Relevance vs Ranking
Conceptually, we can separate relevance determination from ranking the relevant documents, even if they are implemented as a single step inside a search engine. In this mental framework, the relevance step first makes a binary (True/False) decision for each page, then the ranking step orders the documents to return to the user.I'll present some data later in this post that vividly illustrates this split and how it relates to different ranking signals.
Query and Document Models
Translating the query and document from raw strings into something we can do computation with is the first hurdle in computing a similarity score. To do so, we make use of "query models" and "document models." The "models" here are just a fancy way of saying that the strings are represented in some other way that makes computation possible.
The above image illustrates this process for the query "philadelphia phillies" and the Wikipedia page about the Phillies. The final step in computing the similarity score runs the query and document representations through a scoring function.
Query Models
The following image illustrates some different types of query models:
The building blocks at the bottom include things like tokenization (splitting the string into words), word normalization (such as stemming where common word endings are removed), and spelling correction (if a query contains a misspelled word, the search engine corrects it and returns results for the corrected word).
Built on top of these building blocks are things like query classification and intent. If the search engine determines that a particular query is time sensitive it will return news results, or if it thinks the query intent is transactional it will display shopping results.
Finally, at the top of the pyramid are more abstract representations of the query such as entity extraction or latent topic representations (LDA). Indeed, Google knows that the "philadelphia phillies" are a major league baseball team and since it is baseball season returns last night's score at the top of the search results (in addition to the knowledge graph on the right).
Document Models
Like query models, there are several different types of document models commonly used in search.
TF-IDF is one of the oldest and most well known approaches that represents each query and document as a vector and uses some variant of the cosine similarity as the scoring function. A language model encodes some information about the statistics of a language and includes knowledge such as the phrase "search engine optimization" is much more common then "search engine walking." Language models are used heavily in machine translation and speech recognition, among other applications. They are also extremely useful in information retrieval. Yet another class of models uses the probability ranking principle, which directly models the probability of relevance given the query and document. Of these, Okapi BM25 has been shown to be particularly effective.
Correlation study
By now, you are probably wondering if search engines actually use any of these things, and if so, which ones are the most important. To explore this, we designed a correlation study similar to ones we have run in the past (see this for some background on the general approach). In this case, we collected the top 50 results from Google-US for about 14,000 keywords. This resulted in about 600,000 pages that we then crawled and used to compute a number of different similarity scores.
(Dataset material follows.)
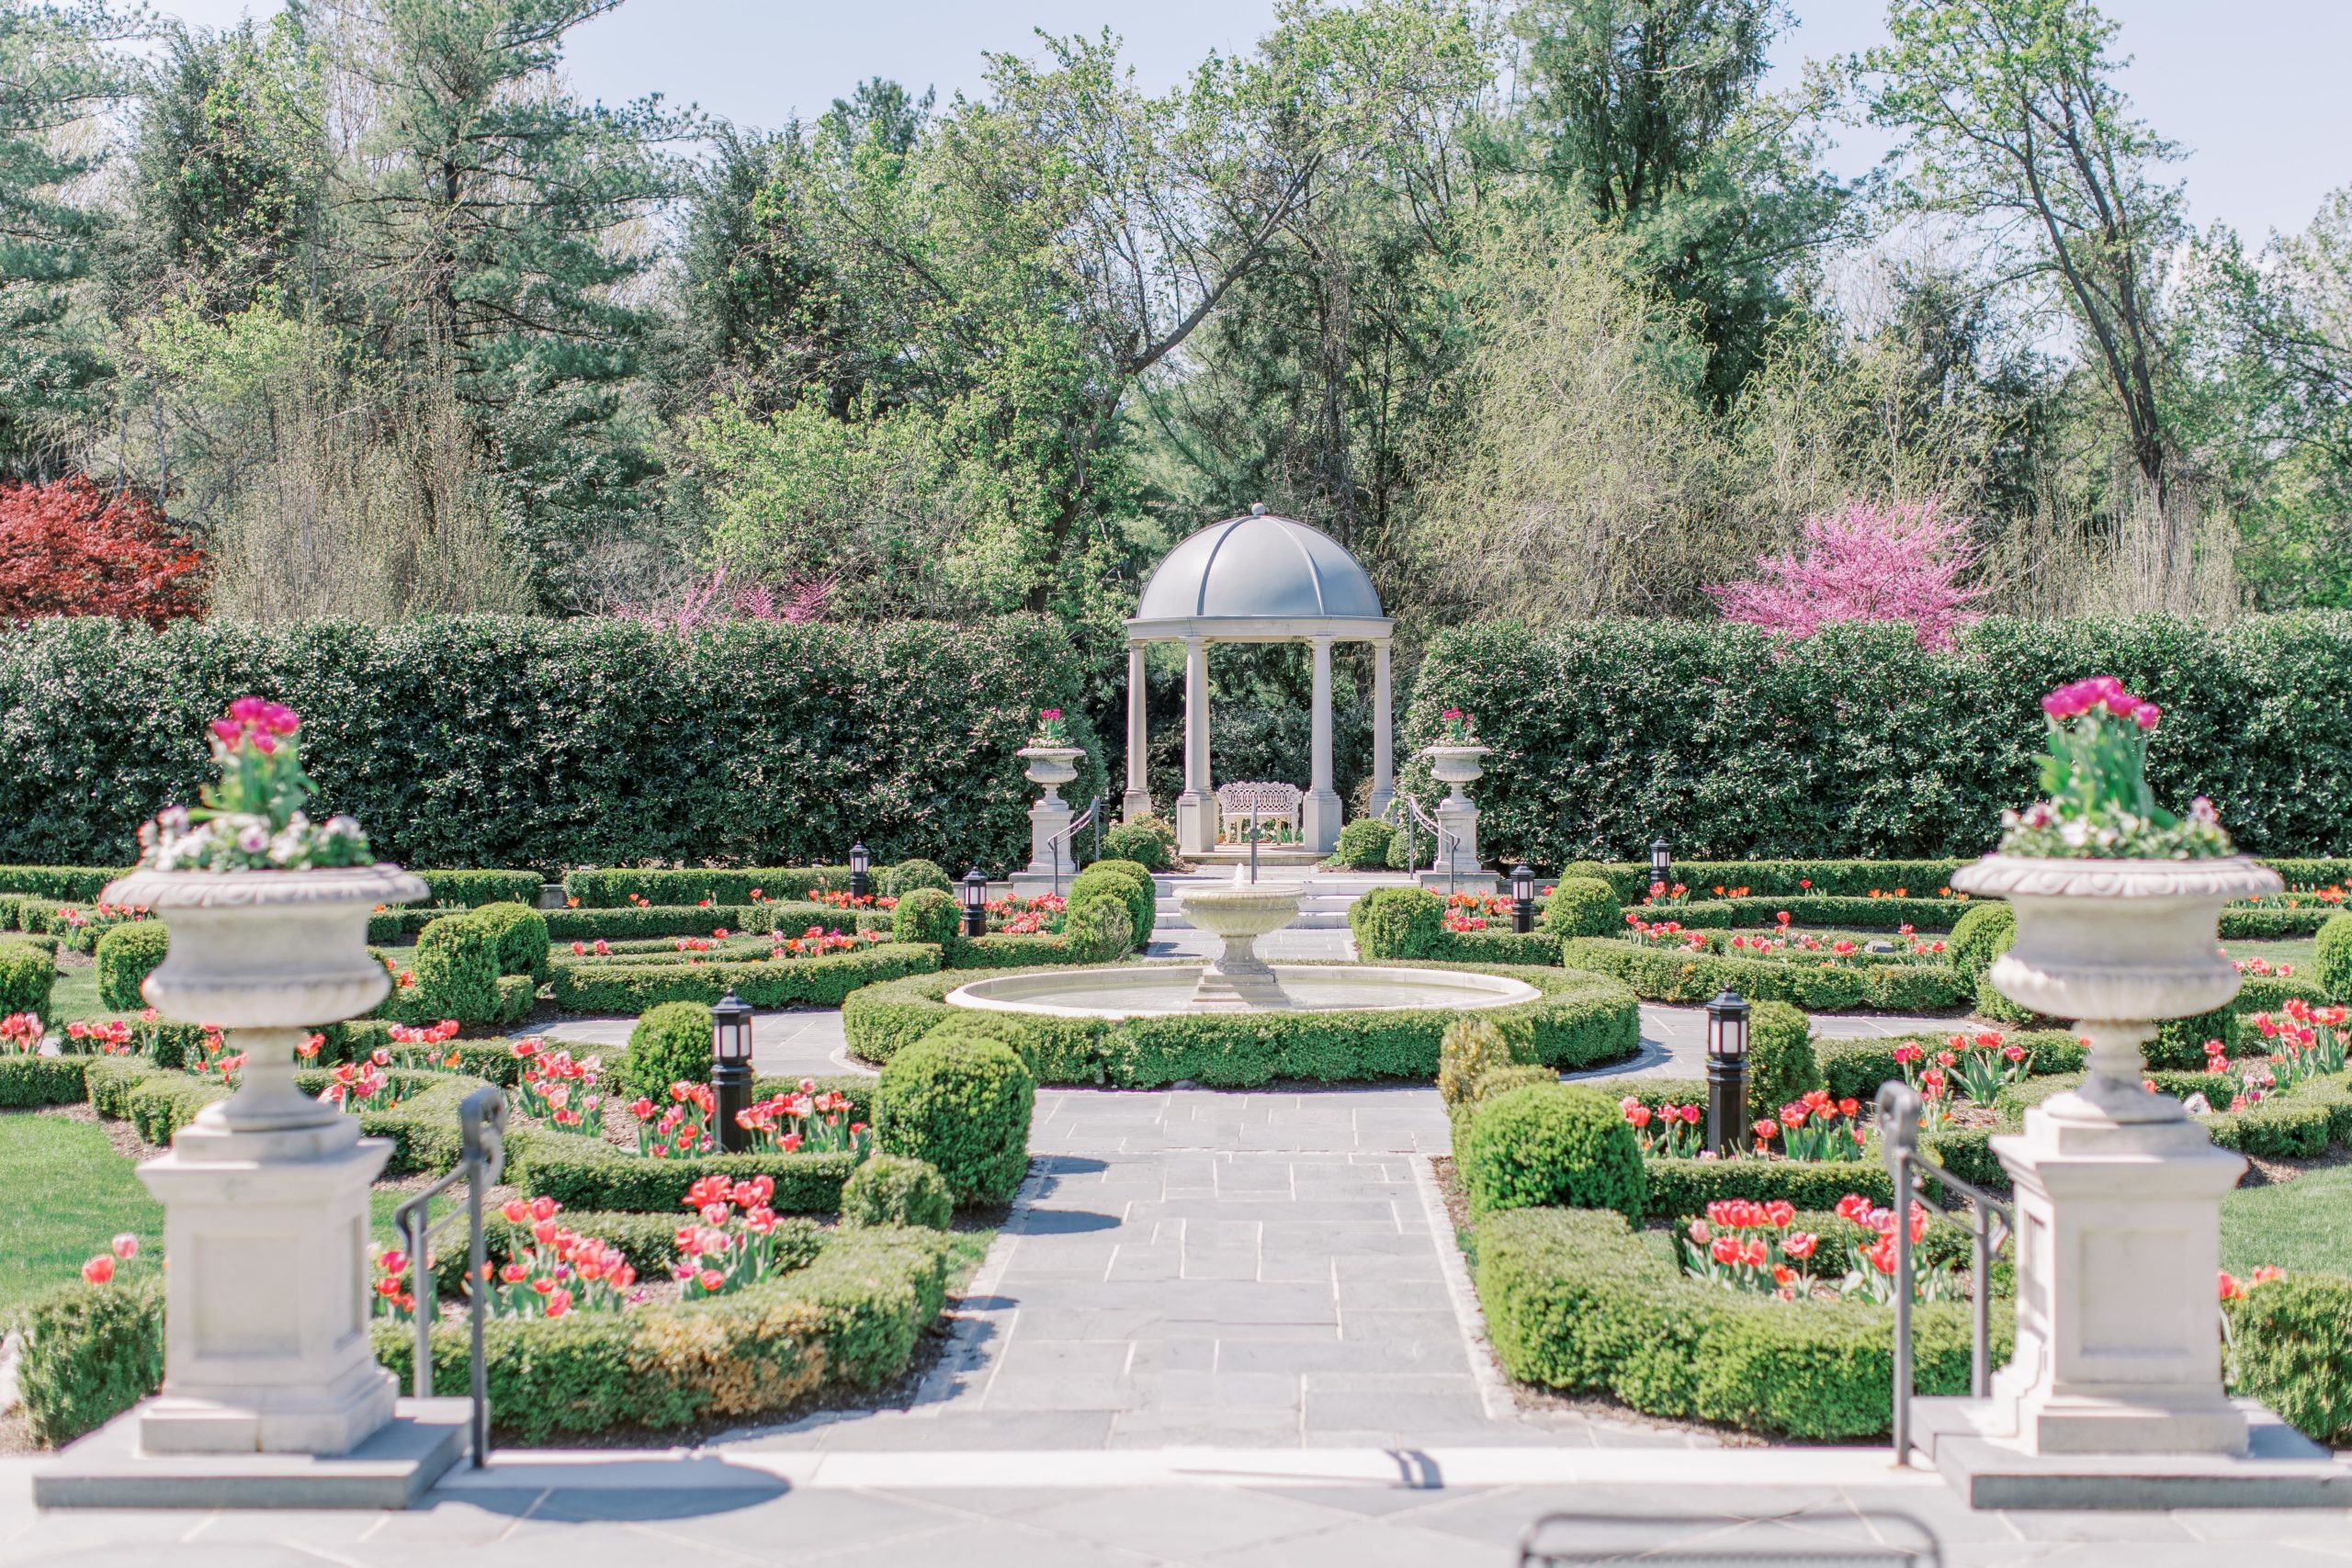 Chateau garden with pink and purple flowers at for a Romantic Park Chateau Wedding Photography

As you can see, the language model approach performed the best with a mean Spearman correlation of 0.10, consistent with results published in the research literature.
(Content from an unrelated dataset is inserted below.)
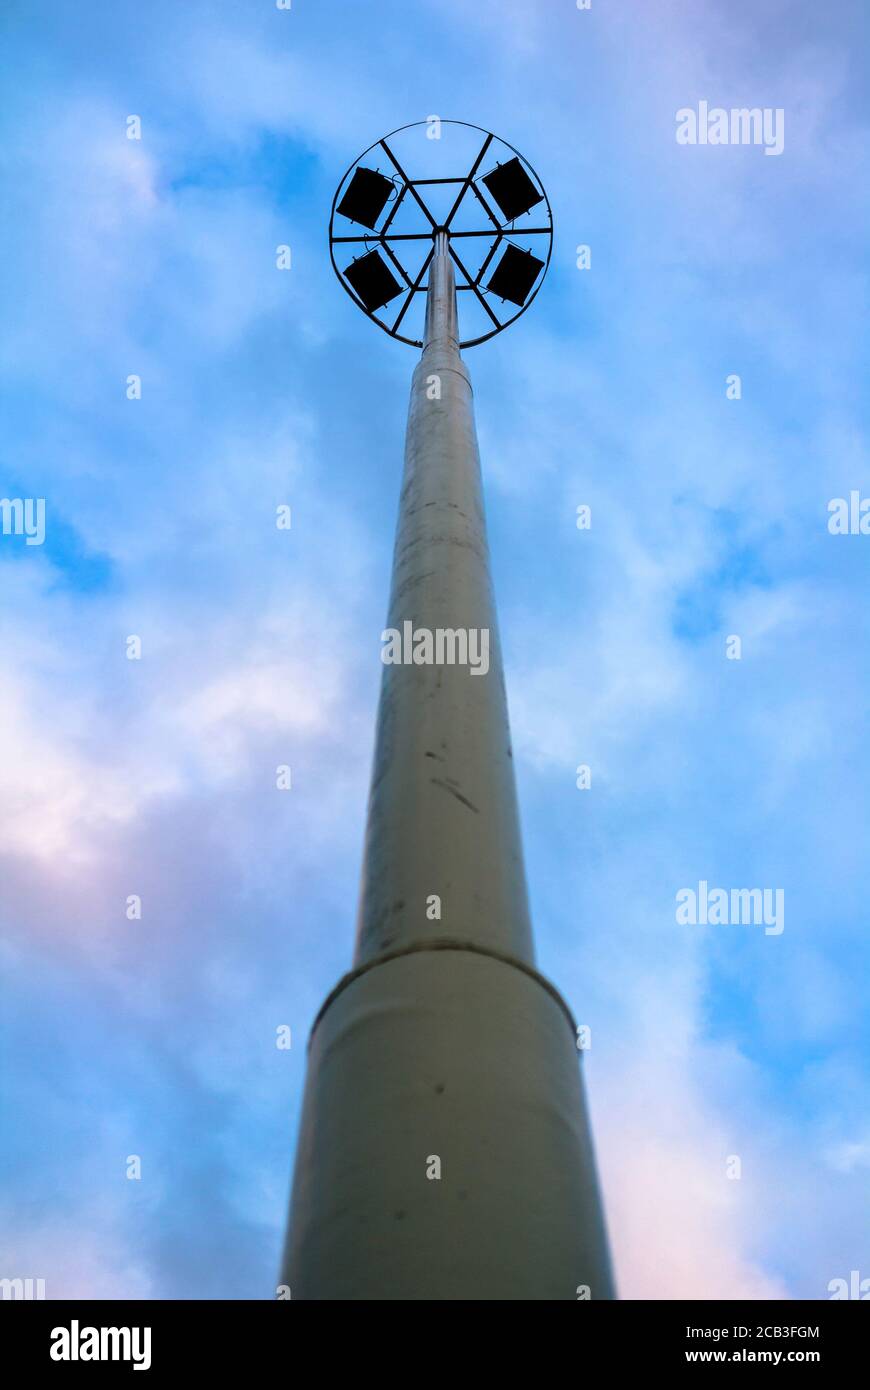 Round and circle with reflectors on the pillar. Blue sky with clouds as copy space Stock Photo

If we do some stemming of both the query and document first and recompute, the correlations increase slightly across the board:
This suggests that Google is indeed doing some type of word normalization or stemming in their relevance calculation.
Relevance vs Ranking revisited
Comparing these correlations vs Page Authority (an aggregate in-link metric in our Mozscape index) on the same data set, we see a substantial difference:
This begs the question: if these sophisticated similarity scores are so useful, why aren't the correlations higher? The answer lies in the conceptual relevance vs ranking split I discussed earlier.
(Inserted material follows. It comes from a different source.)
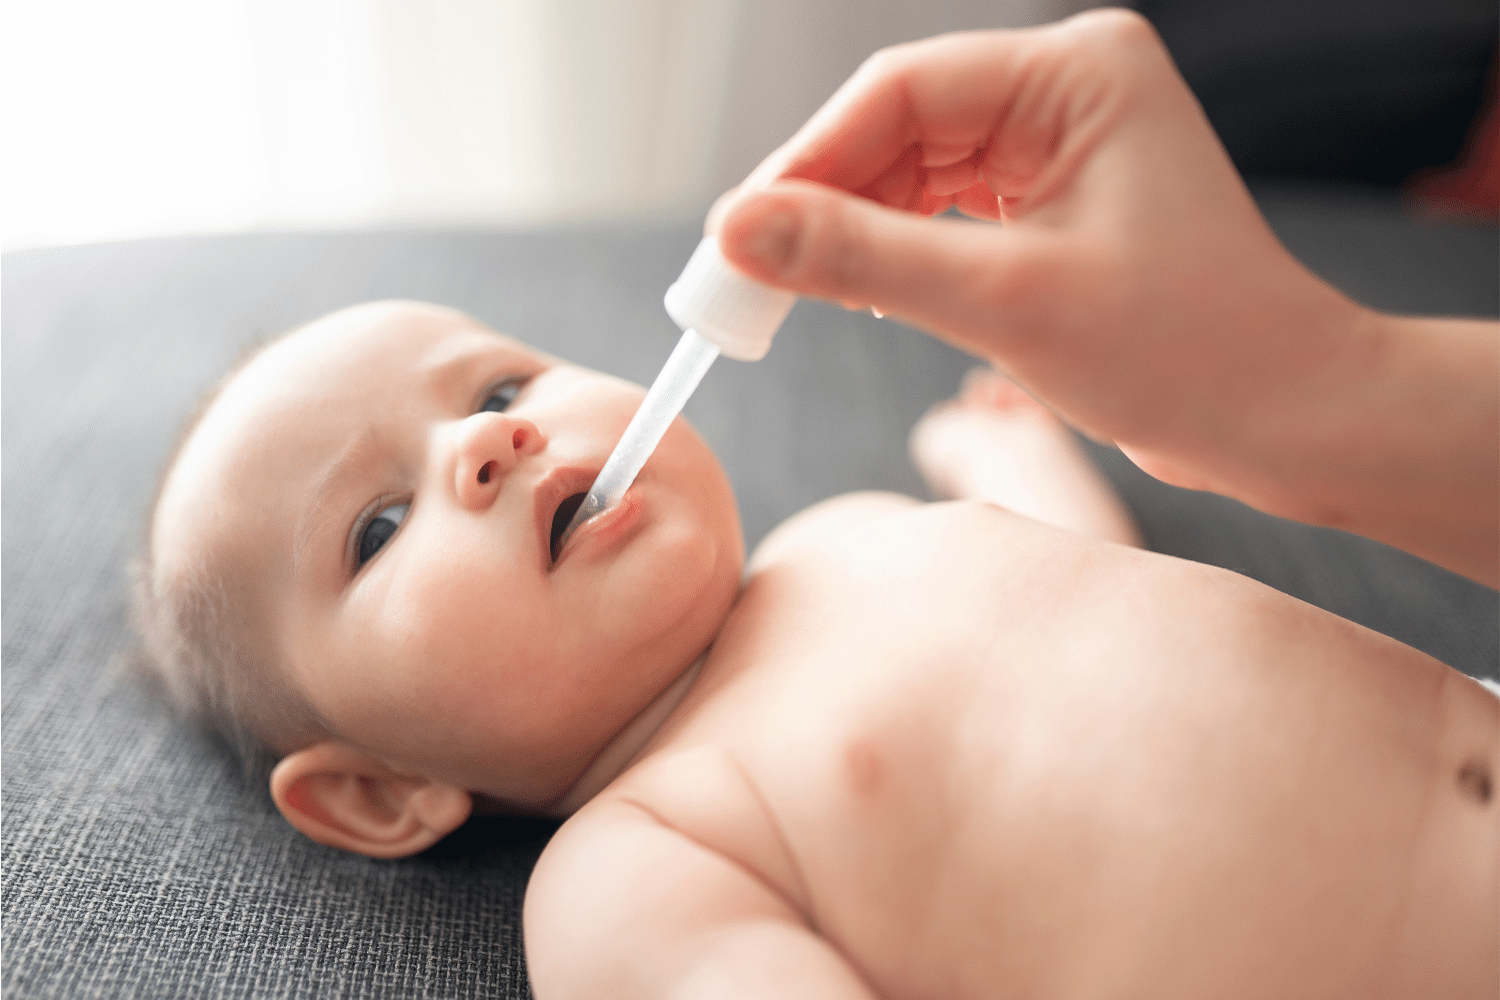 How To Find The Best Vitamin D For Infants Online

To convince myself, I constructed an experiment as illustrated below:
To run the experiment, I first took 450 random pages from our dataset stratified across the top 50 results (so that they include nine #1 ranked pages, nine #2 ranked pages, etc.). Then I added the 450 random pages to the top 50 pages in each search result to make one group of 500 pages for each keyword. Since 50 of these pages are in the search result, and 450 are not, 10% of them are relevant to the keyword and 90% are not (the assumption here is that if the page appears in a Google search then it is relevant). Then for each keyword, I collected the Page Authority and Language Model similarity score and sorted by each (the tables in the middle).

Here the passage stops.